Asphalt is a series of racing video games developed and published by Gameloft. Games in the series typically focus on fast-paced arcade racing set in various locales throughout the world, tasking players to complete races while evading the local law enforcement in police pursuits.

Asphalt Urban GT, the first game in the series, was released for the Nintendo DS and N-Gage in 2004 alongside simplified J2ME versions for mobile phones. Incarnations of the game for various other platforms soon followed, the latest in the main series being Asphalt 9: Legends released in 2018; a number of spinoffs were also released, such as the endless runner Asphalt Overdrive, Asphalt Nitro, a minimal version of Asphalt for low-end devices with procedural generation as a selling point, Asphalt Xtreme, an off-road-centric entry into the series, and the drag racing game Asphalt Street Storm.

Common elements
The series puts emphasis on fast-paced, arcade-style street racing in the vein of Need for Speed, along with elements from other racing games such as Burnout; the spin-off game Asphalt Xtreme takes place in an off-road racing setting, with open-wheel buggies, sport-utility vehicles and rally cars in lieu of supercars as in previous games. Each game in the series puts players behind the wheel of licensed sports cars from various manufacturers, from entry-level models such as the Dodge Dart GT, to supercars like the Bugatti Veyron, and even concept cars such as Mercedes-Benz's Biome design study.

Police chases are a recurring gameplay element especially in the early games, but were de-emphasized in favour of stunt jumps and aerobatic maneuvers as of Airborne; they made a return, however, with Overdrive and Nitro, the latter of which combined elements from Airborne and previous games in the series.

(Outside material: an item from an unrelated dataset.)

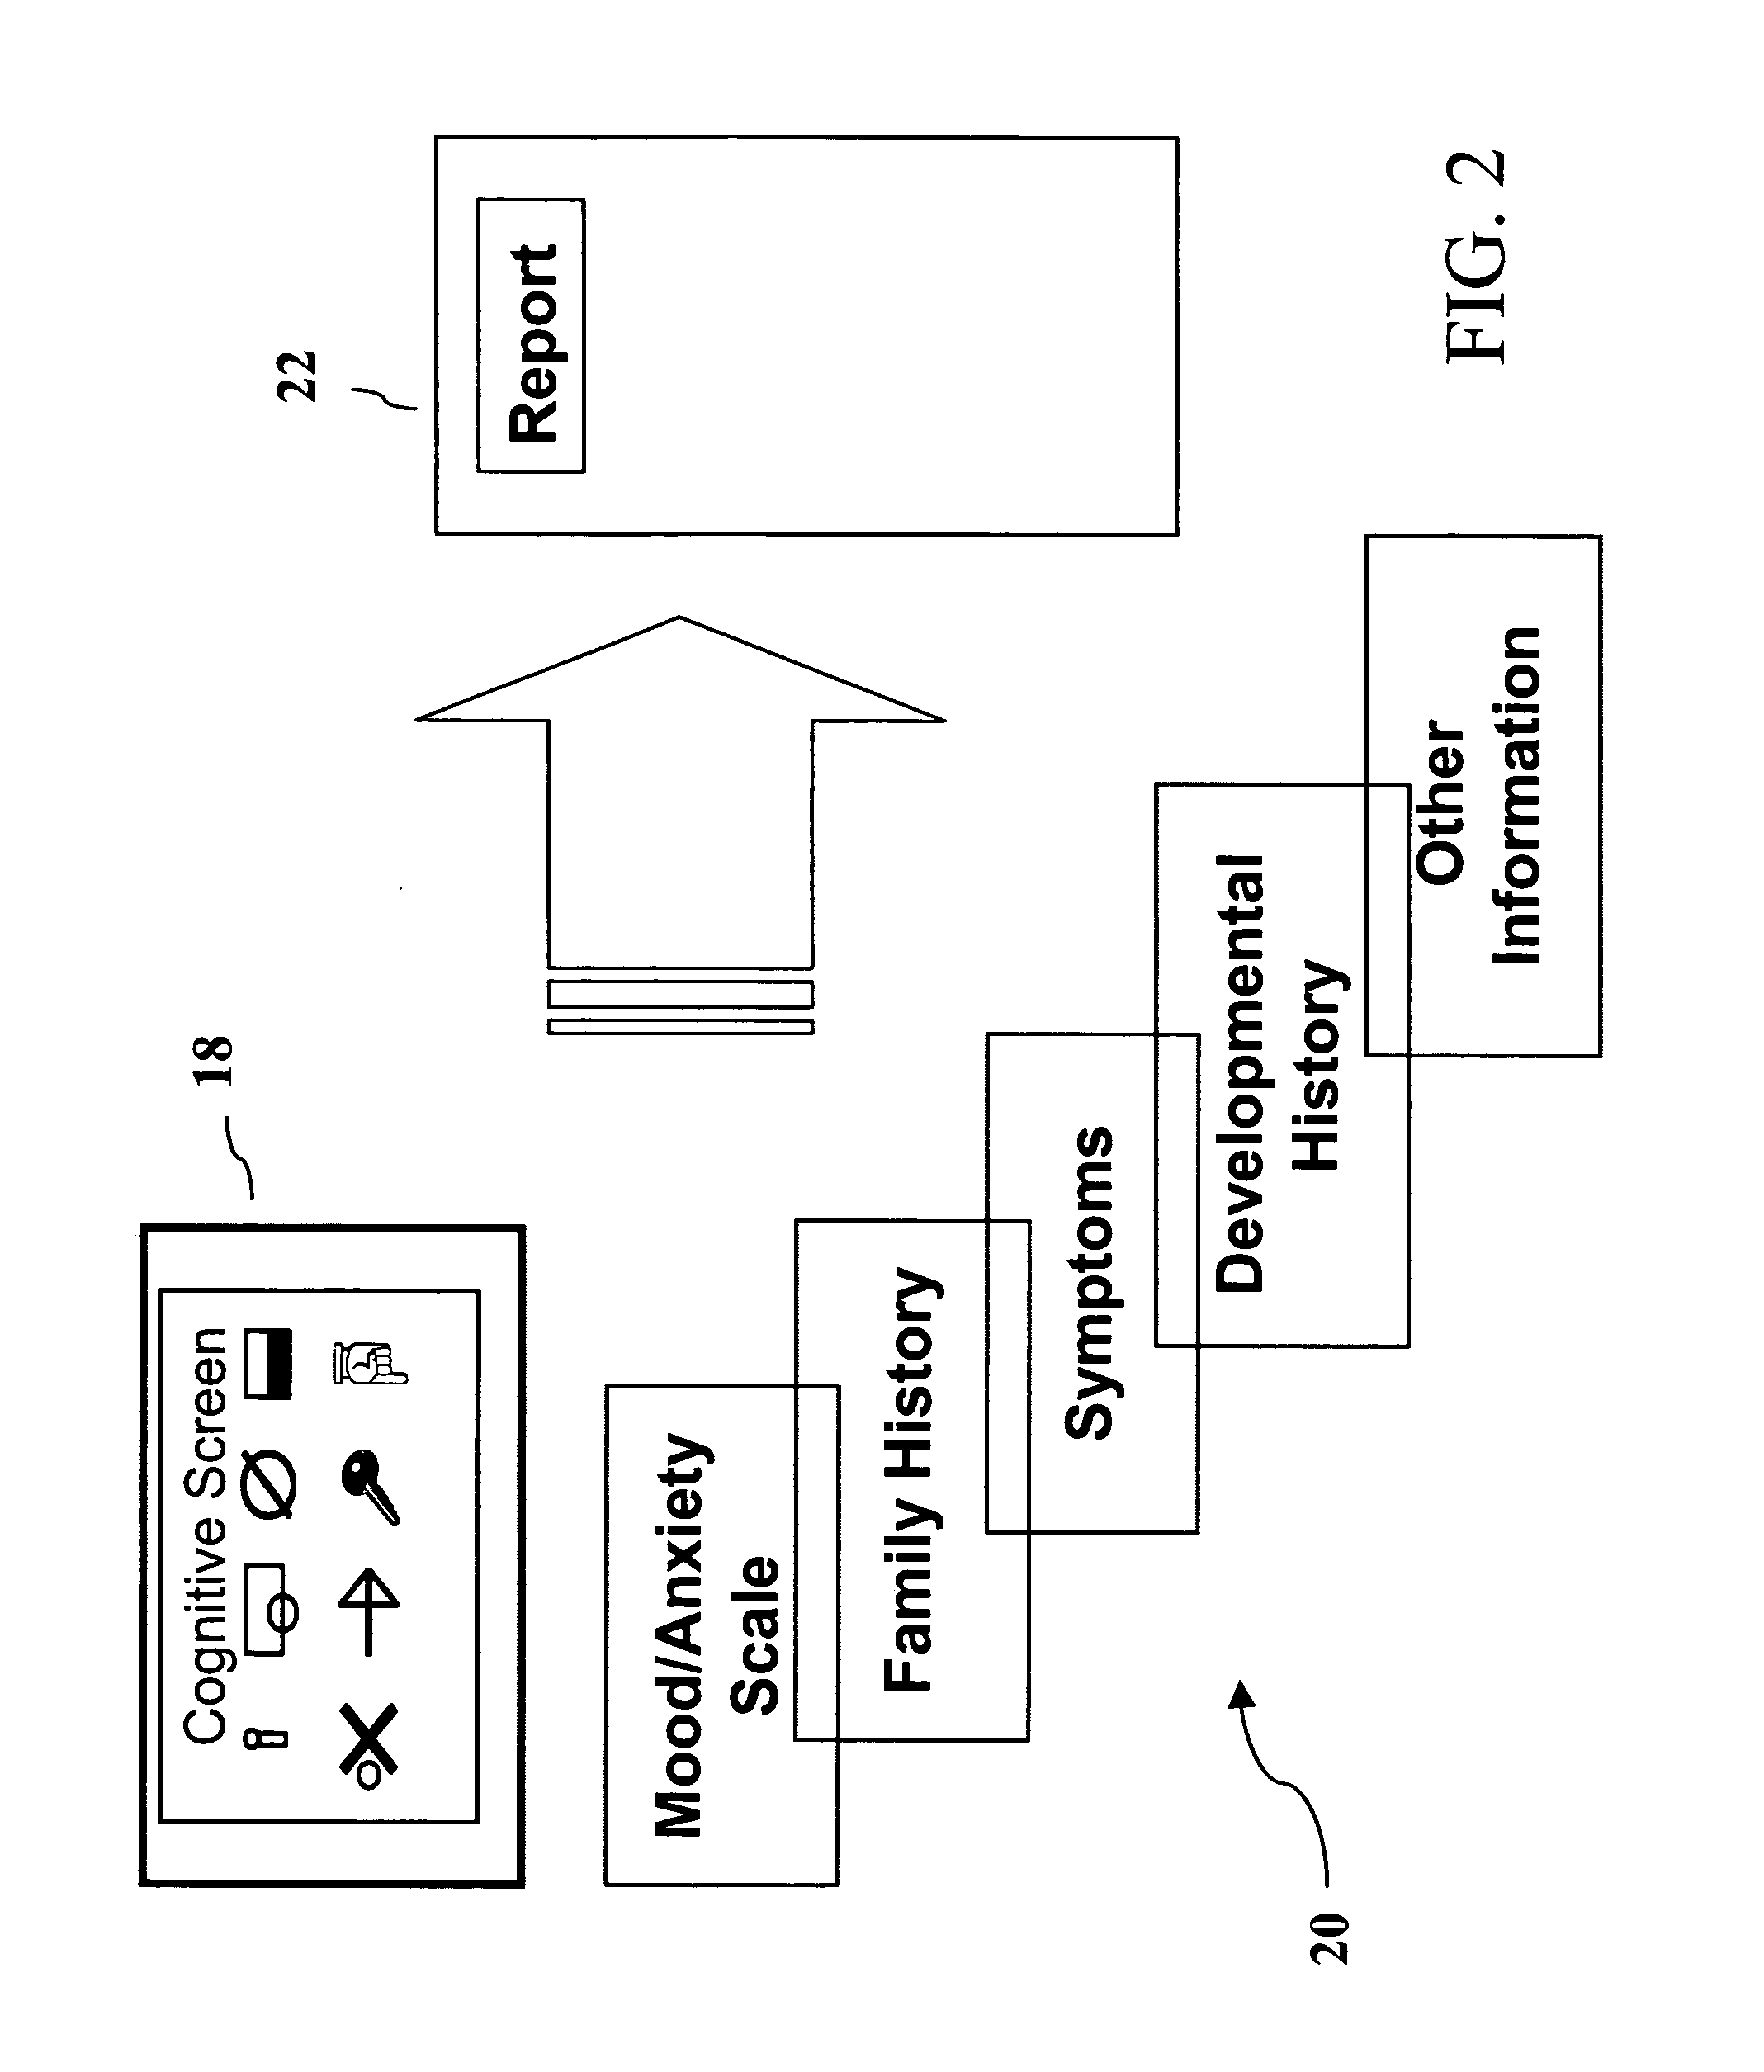 Standardized cognitive and behavioral screening tool

Over the course of the games, players are gradually given access to various race courses, most of which are modelled after real-world locations and major cities, and upgrades for vehicles which can be bought from money earned in a race, or in later games, points or through in-application purchases using real currency. Events are presented in increasing difficulty as players advance through the game, sometimes requiring them to complete bonus challenges, e.g. taking down a given number of opponent racers or finishing the race without wrecking their vehicle.

History
The first mainline game in the series is Asphalt Urban GT, which was released for the Nintendo DS and N-Gage on November 21, 2004, with simplified versions for J2ME mobile phones being released on December 2. A video on Gameloft's YouTube channel however lists their mobile phone adaptation of Speed Devils as the first game in the series.

Asphalt 4: Elite Racing was the first game in the series to be released for iOS. Asphalt 6: Adrenaline marks the first game in the series to be released for macOS; later home computer releases in the series are exclusive to Microsoft Windows, with Asphalt 7: Heat being the first to be released on the Windows Store.

Asphalt 8: Airborne, the eighth main installment and tenth title overall, was released in 2013 for iOS, Android, Windows and Blackberry platforms to critical acclaim, becoming one of the bestselling games on the iOS App Store and Google Play Store. Asphalt Nitro, the twelfth title in the series, was quietly released on Gameloft's own app store in May 2015 for Android, alongside a 2.5D J2ME version of the game for feature phones. A main selling point of Nitro was the game's small resource footprint, which was aided by the use of procedural generation.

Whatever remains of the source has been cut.